**Work request**
Reprint the lines below as they are, minus the pictures.

**Data excerpt**
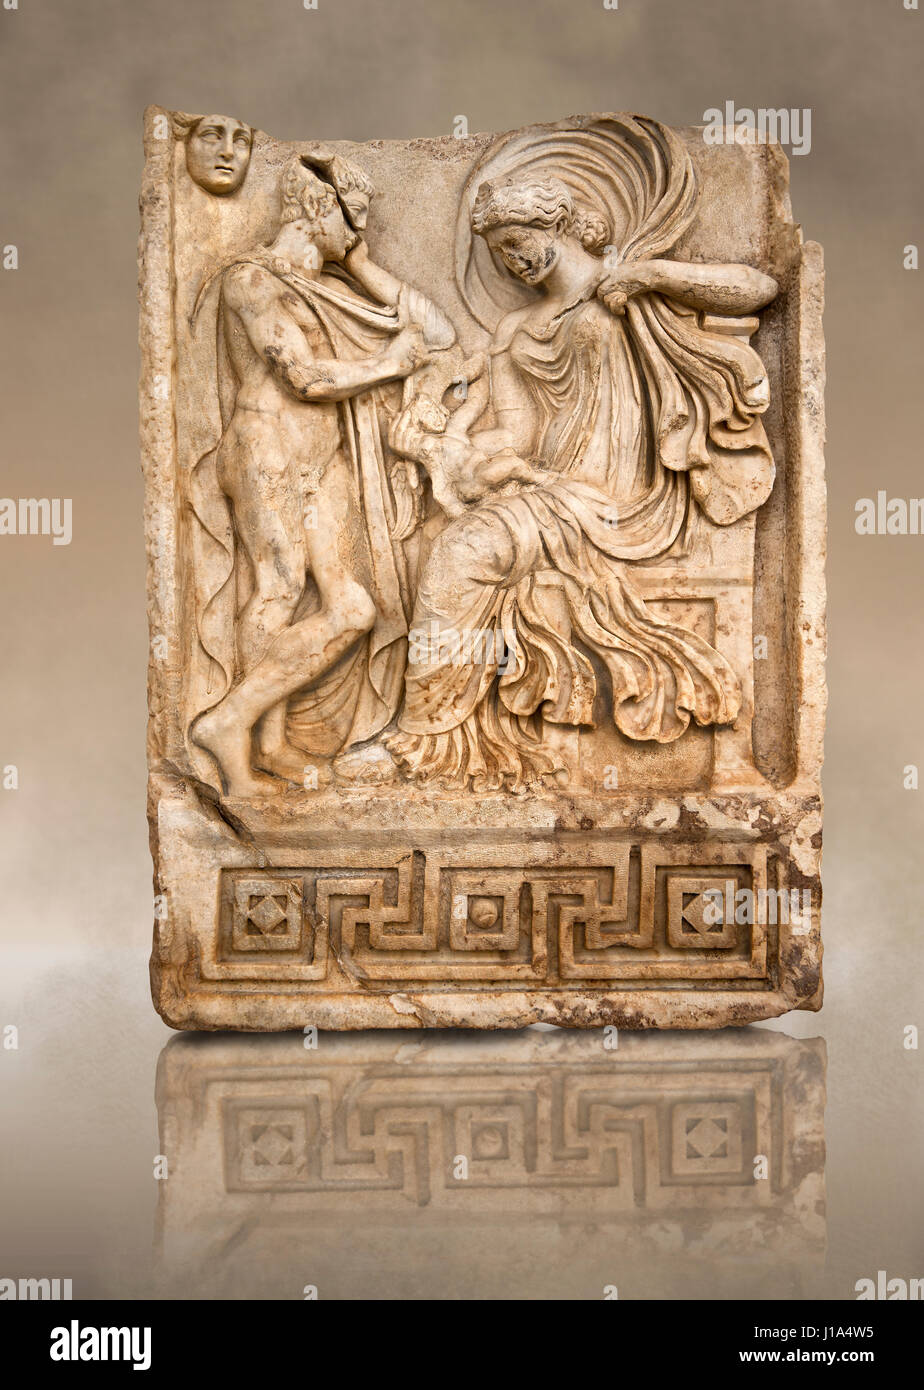 Roman temple releif freize sculpture of Aphrodite & Anchises, Aphrodisias Museum, Aphrodisias, Turkey The trojan shepherd Anchises gazes at a seated A Stock Photo
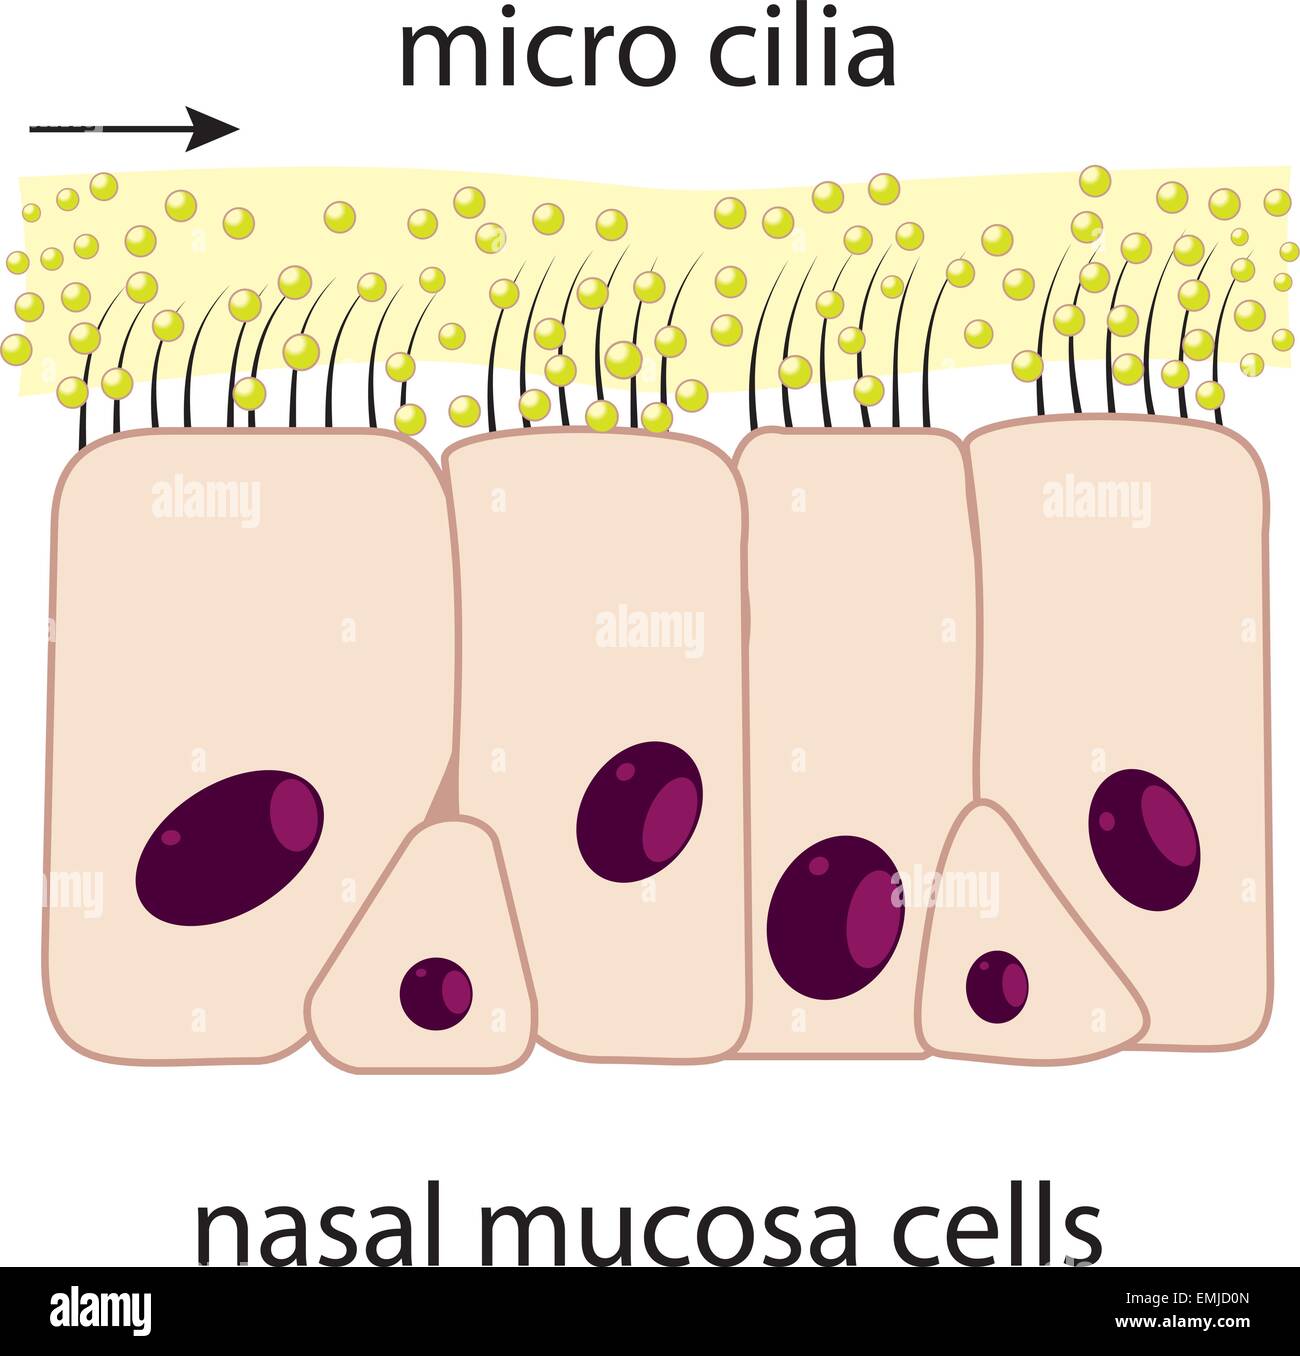 Nasal mucosa cells and micro cilia vector scheme Stock Vector
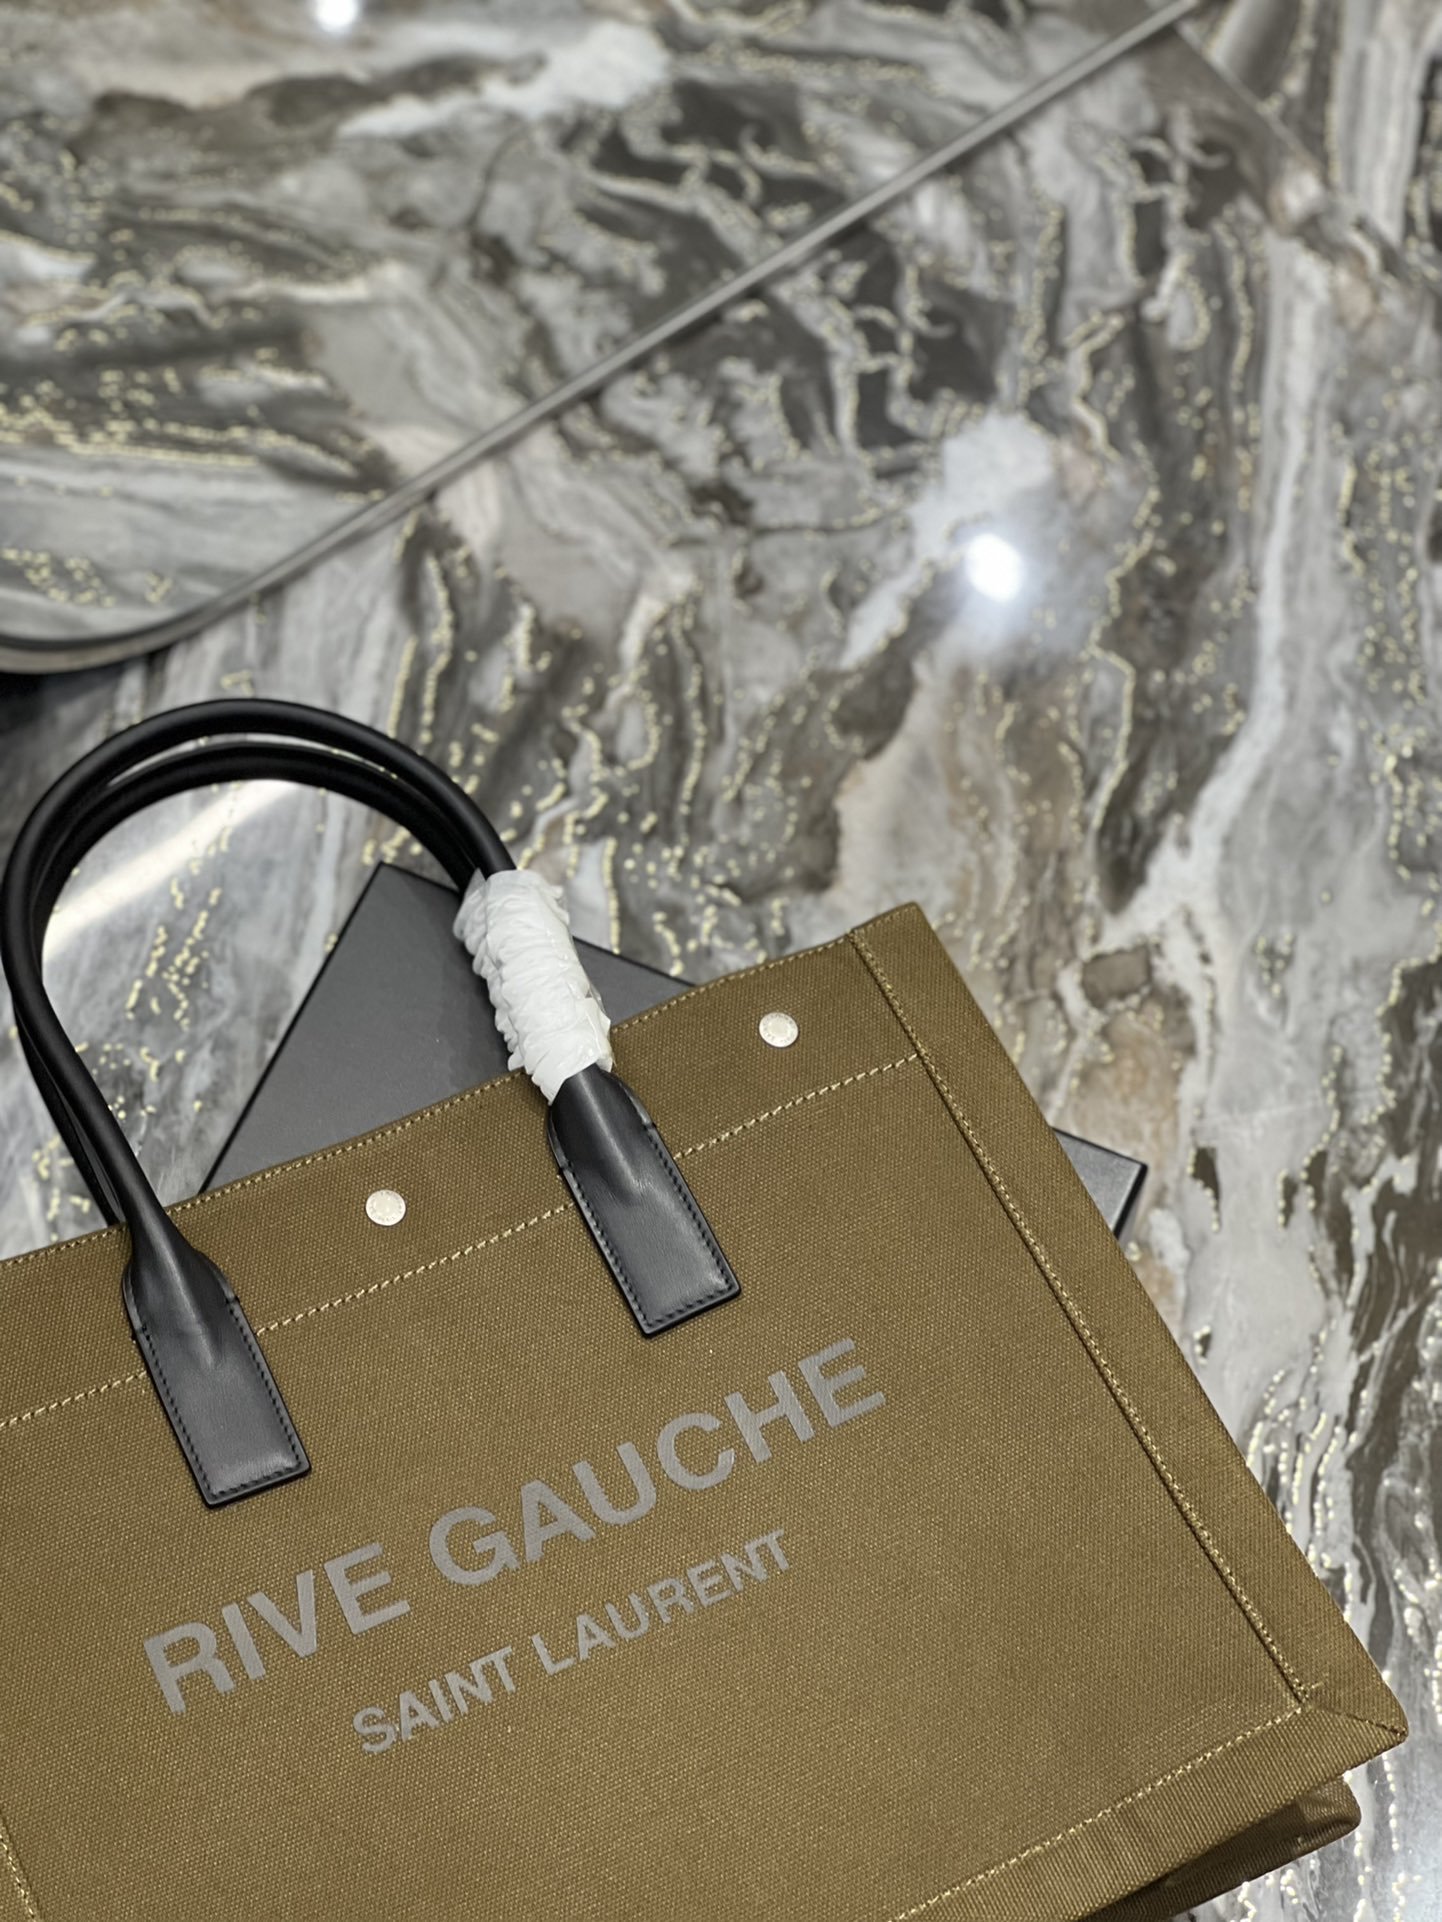 Сумка Rive Gauche Tote Bag 39 см фото 9

**Answer for the task**
 Roman temple releif freize sculpture of Aphrodite & Anchises, Aphrodisias Museum, Aphrodisias, Turkey The trojan shepherd Anchises gazes at a seated A Stock Photo
 Nasal mucosa cells and micro cilia vector scheme Stock Vector
 Сумка Rive Gauche Tote Bag 39 см фото 9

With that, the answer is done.